Module Development

Use Highwater Marks to Limit What Gets Imported for Drupal 9, 10

When running migrations you can use the highwater_mark source plugin configuration option to influence which rows are considered for import on subsequent migration runs. This allows you to do things like only look at new rows added to a large dataset. Or to reimport records that have changed since the last time the migration was run. The term, highwater mark, comes from water line marks found on structures in areas where water level changes are common. In running migrations, you can think of a highwater mark as a line that denotes how far the migration has progressed, and saying, "from now one, we only care about data created after this line".

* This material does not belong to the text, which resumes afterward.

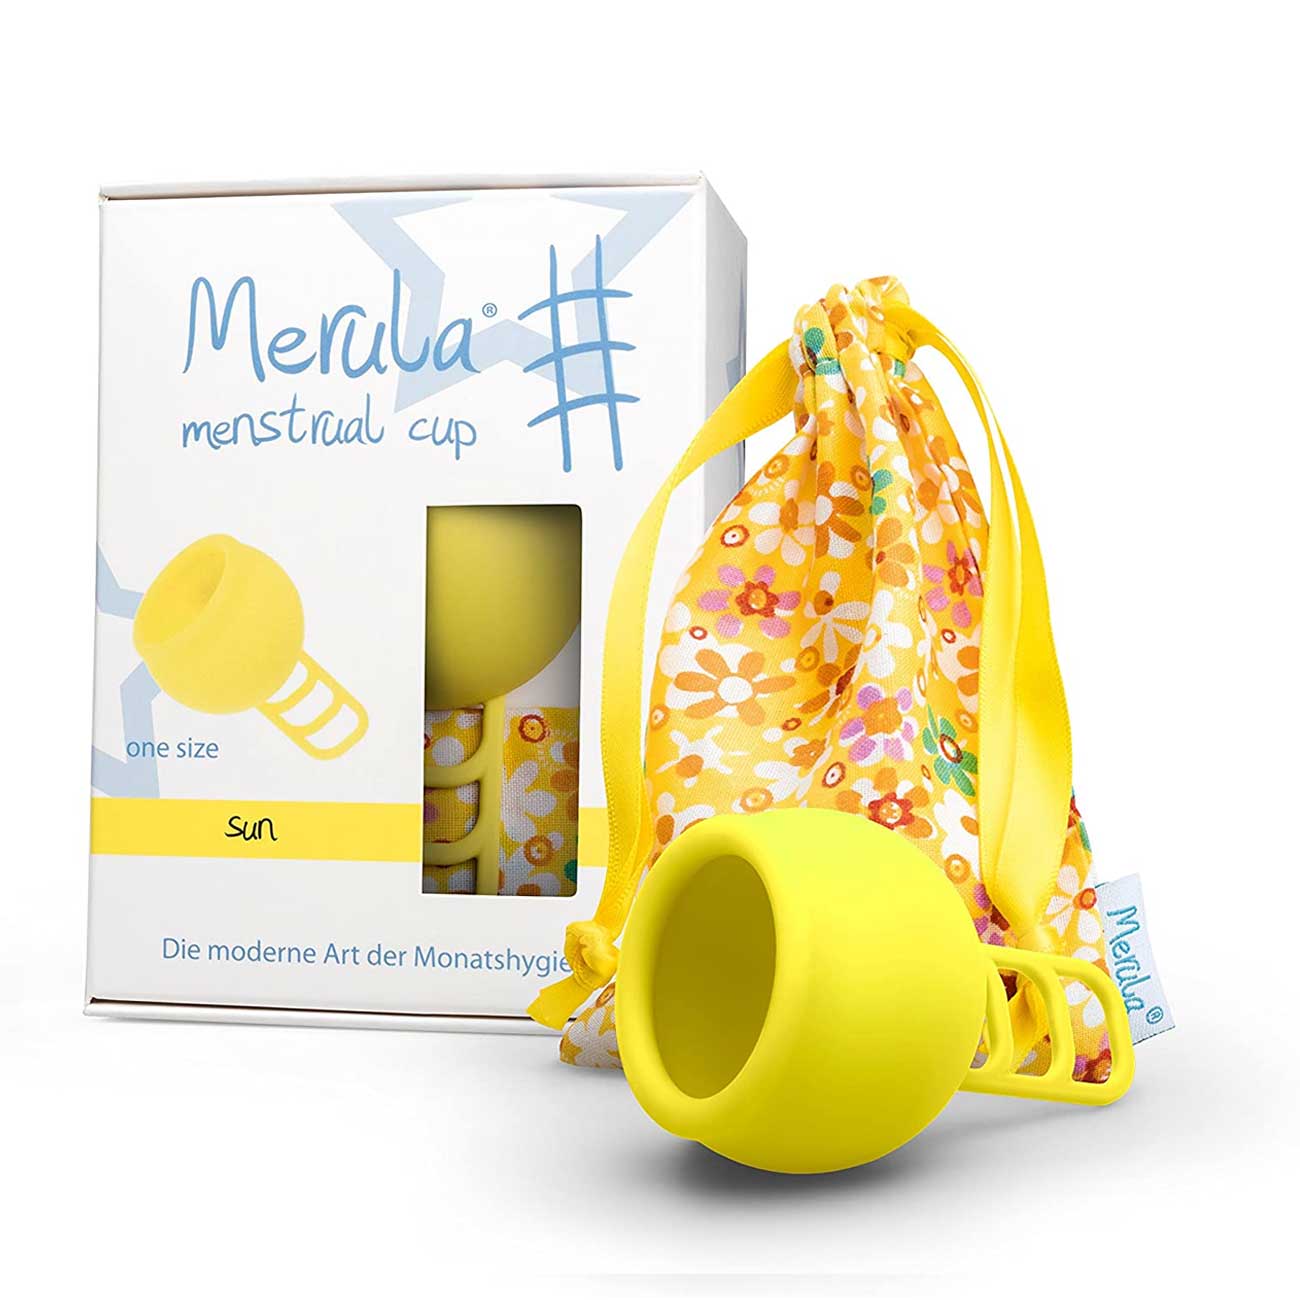 Merula Cup gelbe Menstruationstasse

Another common use case for highwater marks is when you're importing a large dataset and the system runs out of resources. Usually this will look like a migration failing because it timed out, or the process ran out of memory. A highwater mark should allow you to pickup from where you left off.

In this tutorial we'll:

  • Define what a highwater mark is, and how you can use them to limit the rows considered for importing each time a migration is executed.
  • Demonstrate how highwater marks can be used to reimport source records that have been modified since the previous time the migration was executed.
  • Introduce the track_changes option.

By the end of this tutorial you should be able to define what a highwater_mark is and how to use them to speed up the import of large datasets or force the migration to reimport records when the source data is changed.

You should also be aware of the track_changes feature which is a slower, but more dynamic, method of checking for changes in source data and reimporting records when a change is found.